About this task => Write out the data exactly, please, and omit the pictures.

Data section =>
####

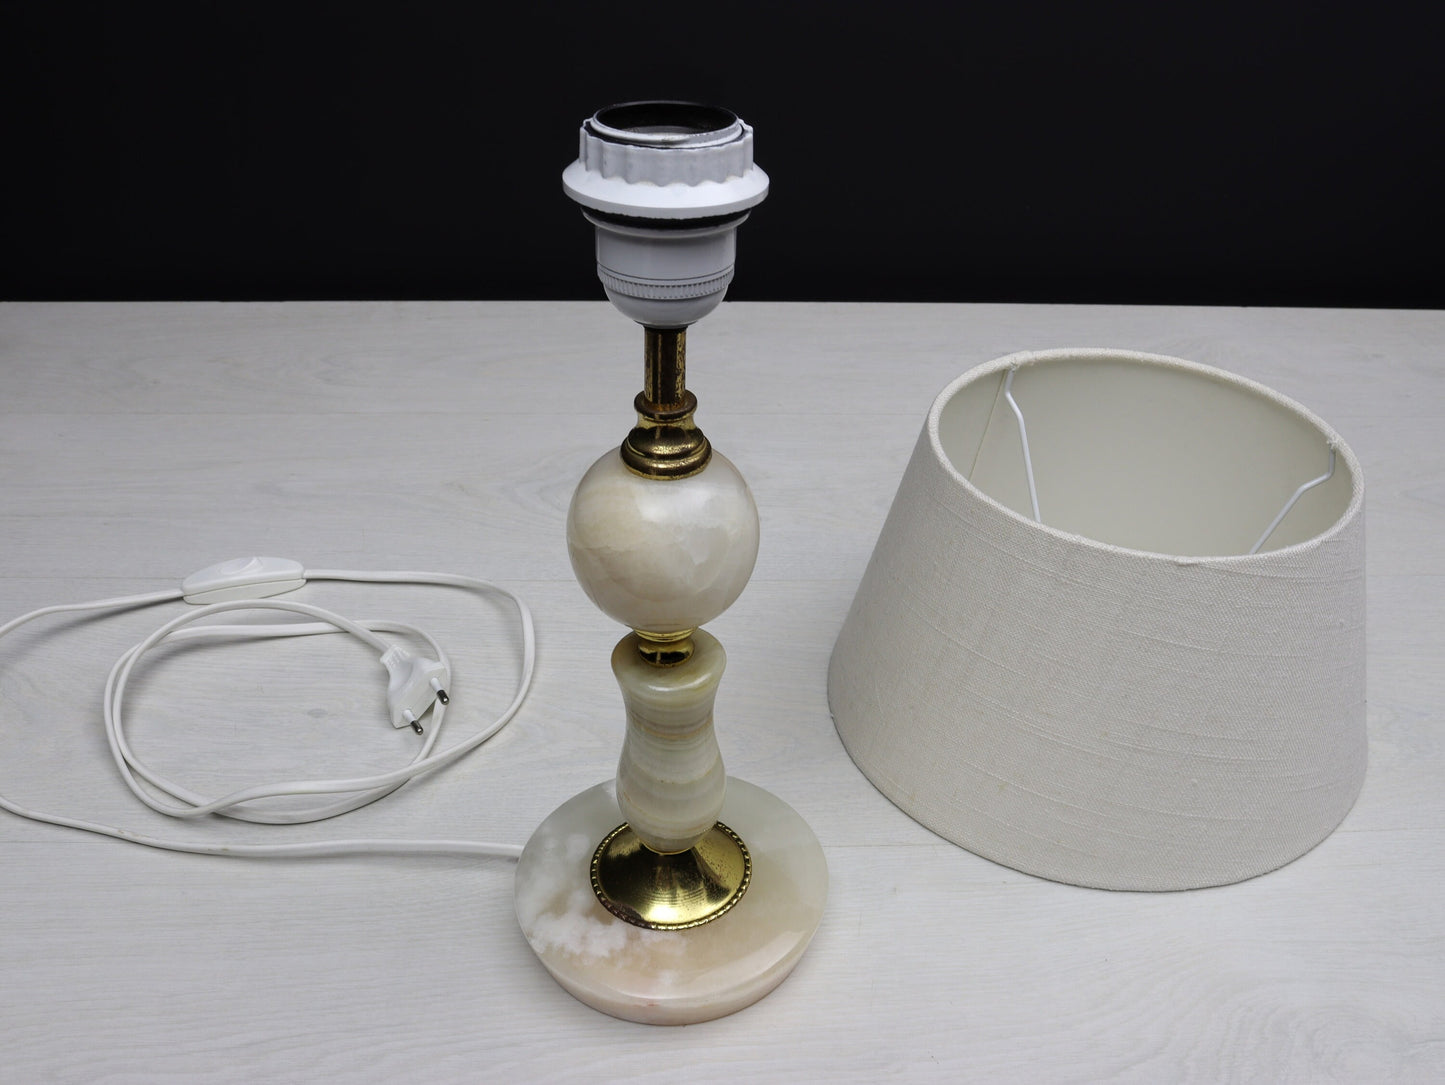 Elegant Vintage Lamp from Belgium: Ideal Bedside or Accent Lighting for Any Home Decor Style
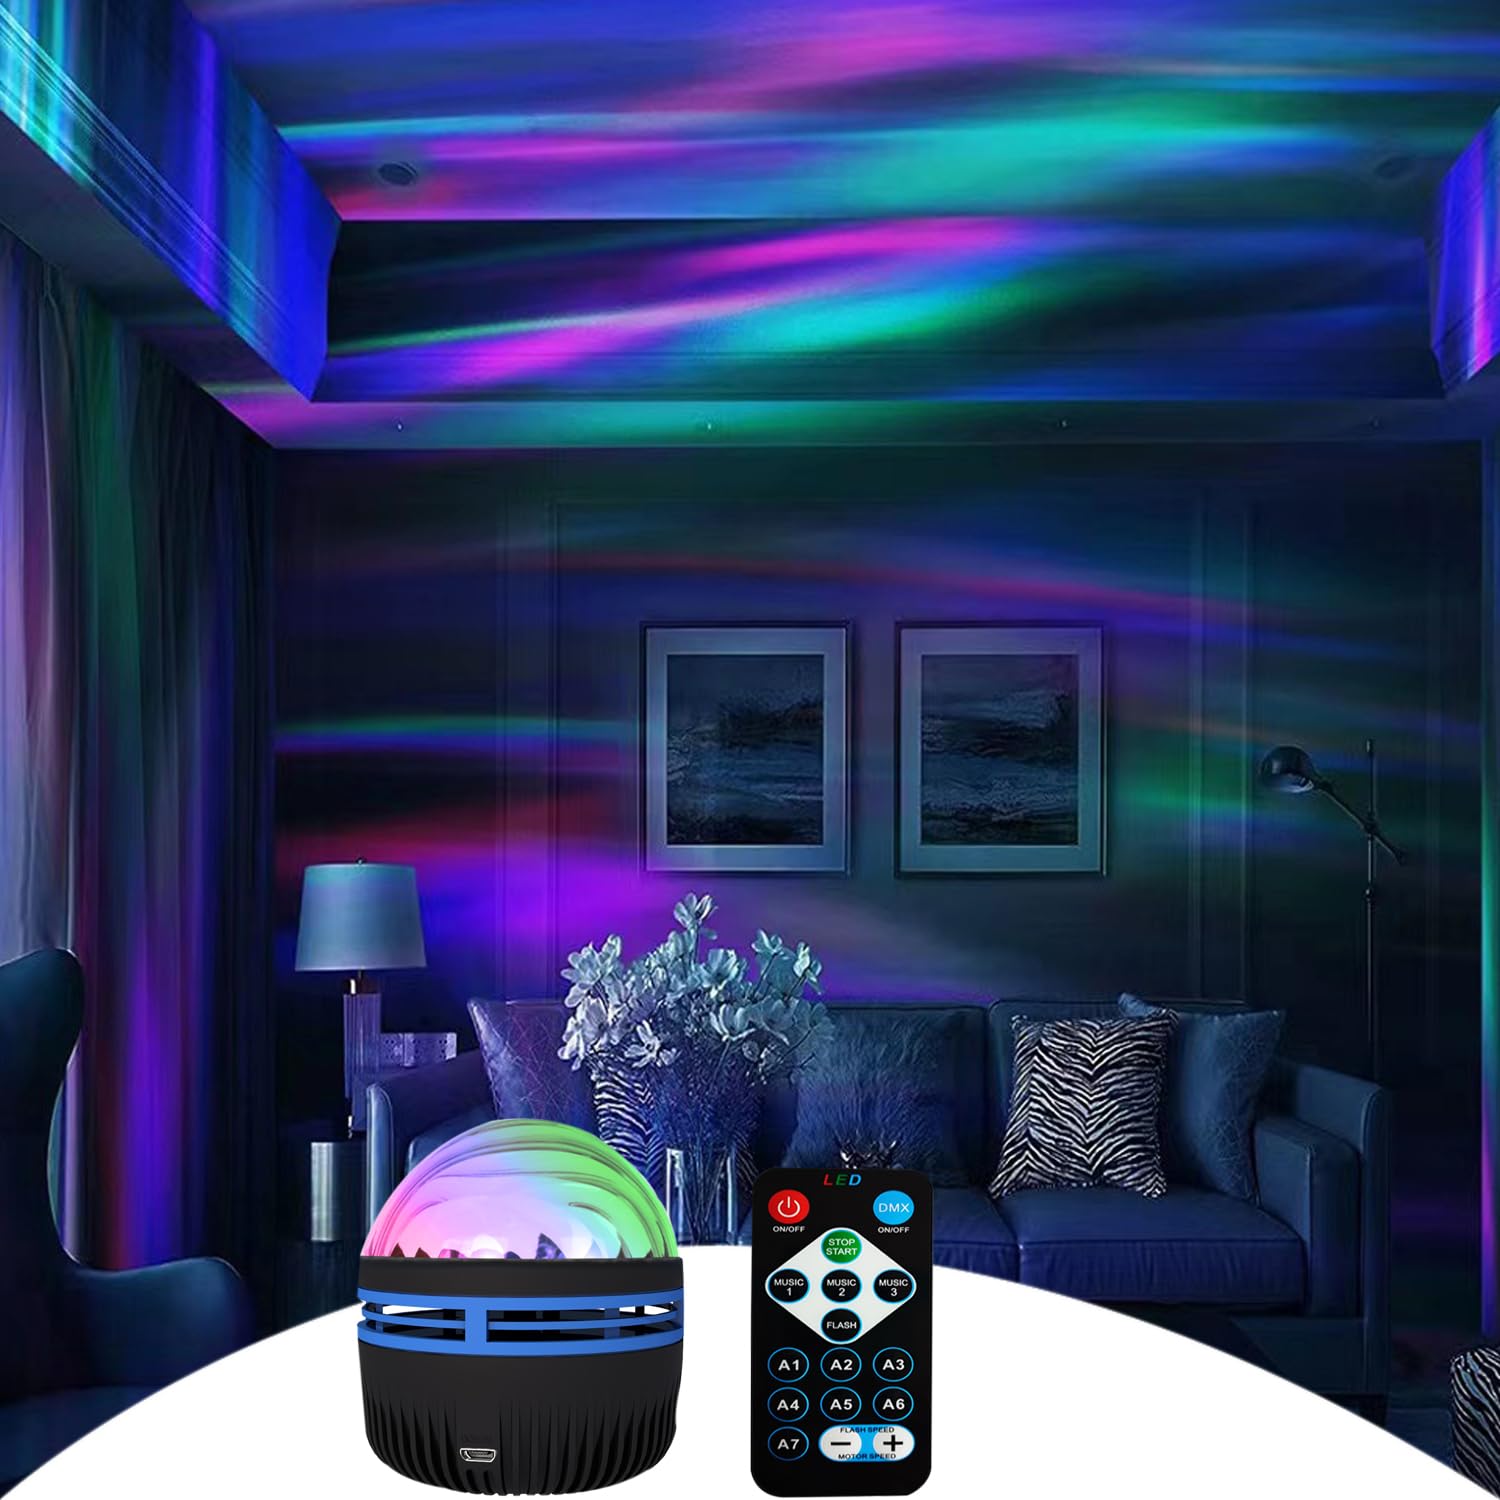 2 in 1 Northern Lights and Ocean Wave Projector with 14 Light Effects for Bedroom, Game Rooms, Home Theater, Birthday, Party
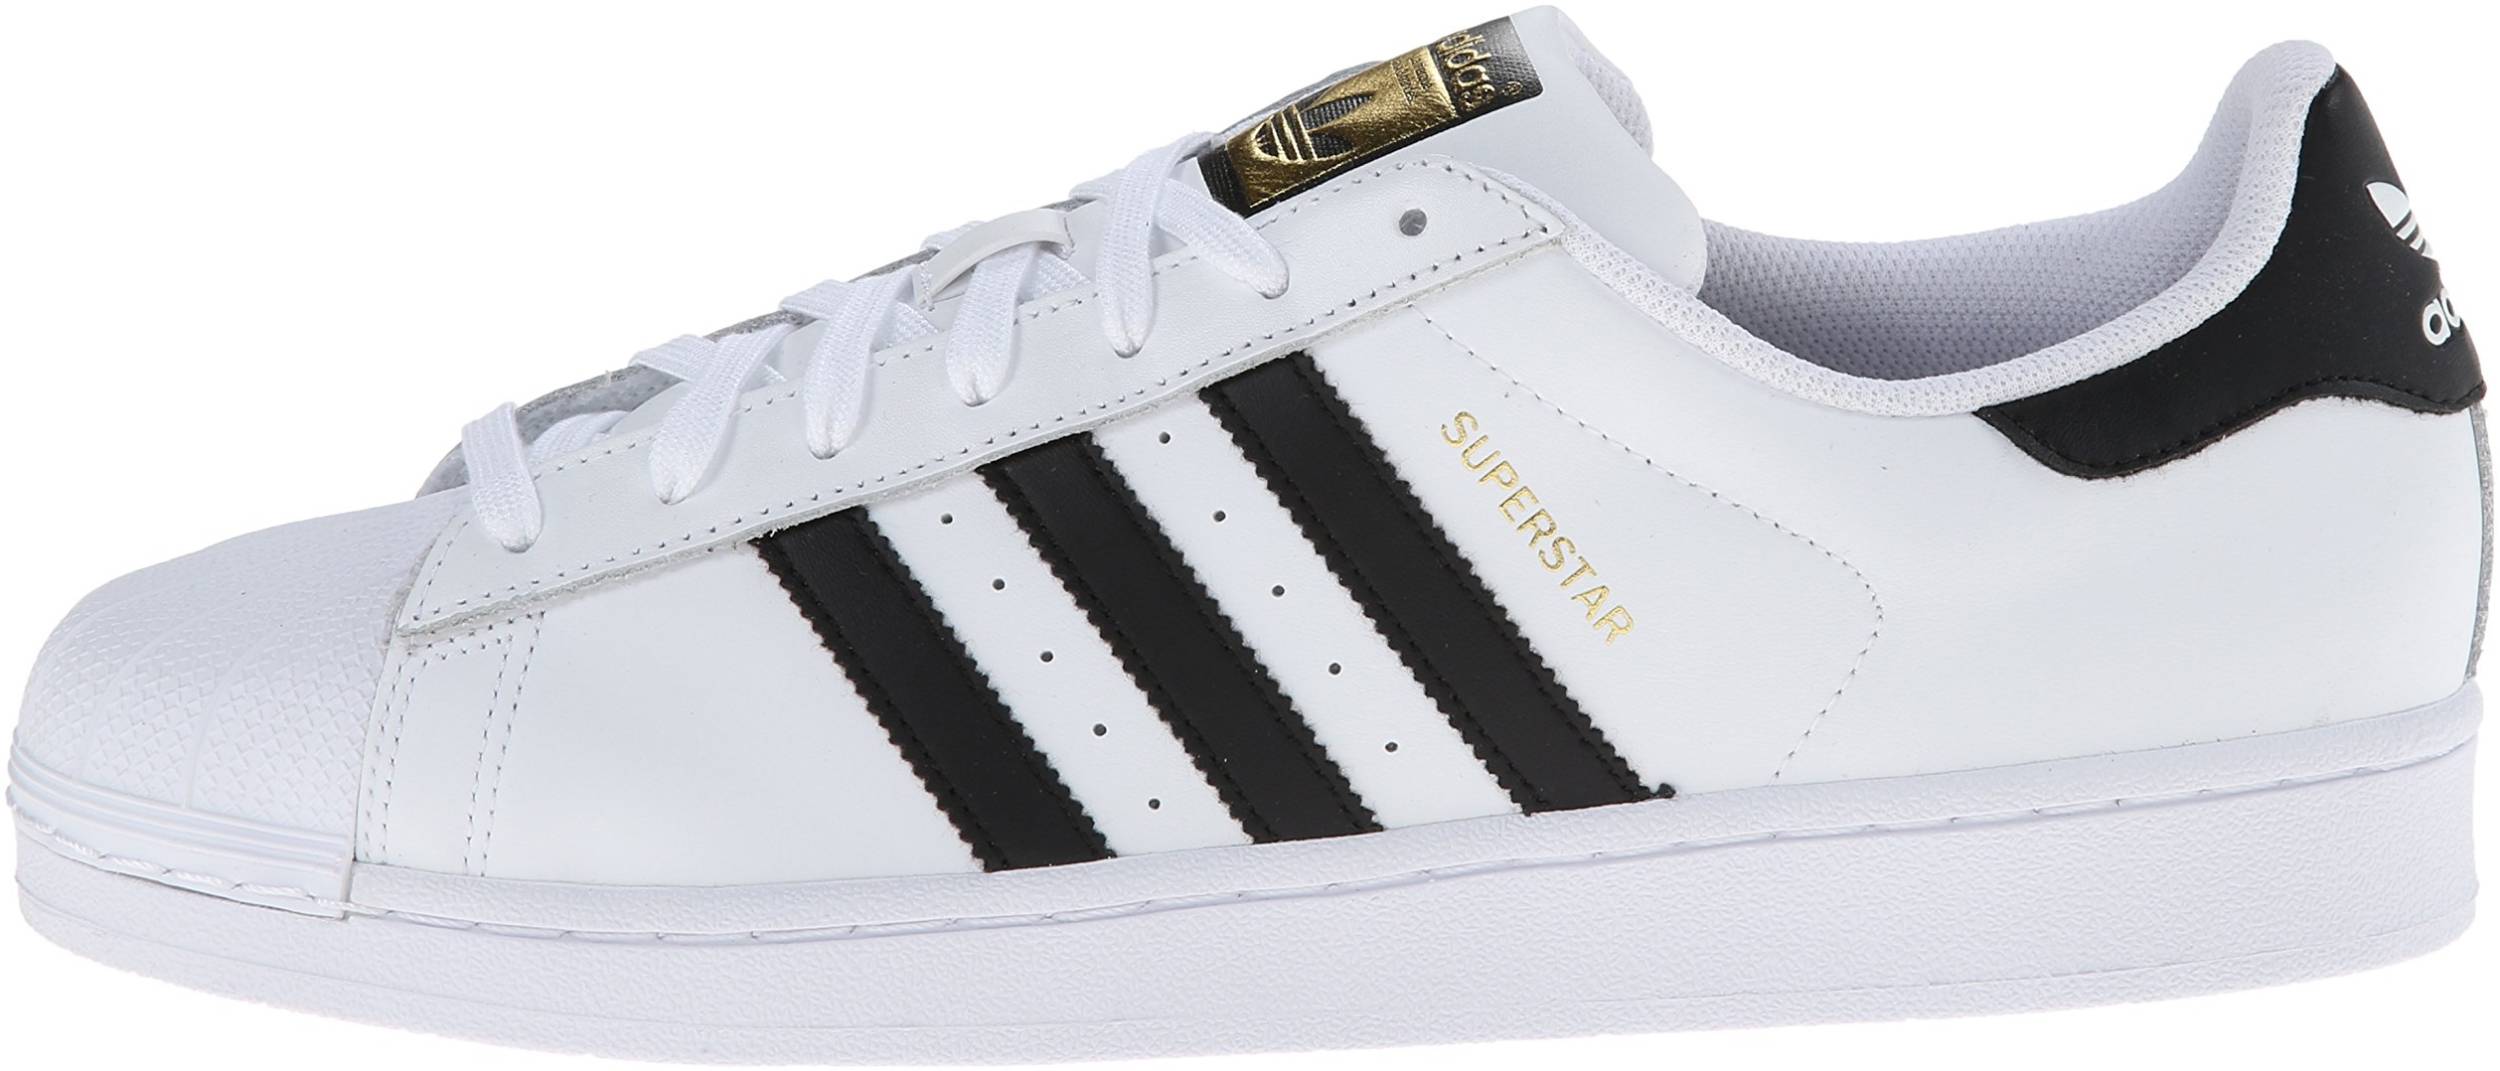 40+ colors of Adidas Superstar (from $19) | RunRepeat

####

Expected answer =>
 Elegant Vintage Lamp from Belgium: Ideal Bedside or Accent Lighting for Any Home Decor Style
 2 in 1 Northern Lights and Ocean Wave Projector with 14 Light Effects for Bedroom, Game Rooms, Home Theater, Birthday, Party
 40+ colors of Adidas Superstar (from $19) | RunRepeat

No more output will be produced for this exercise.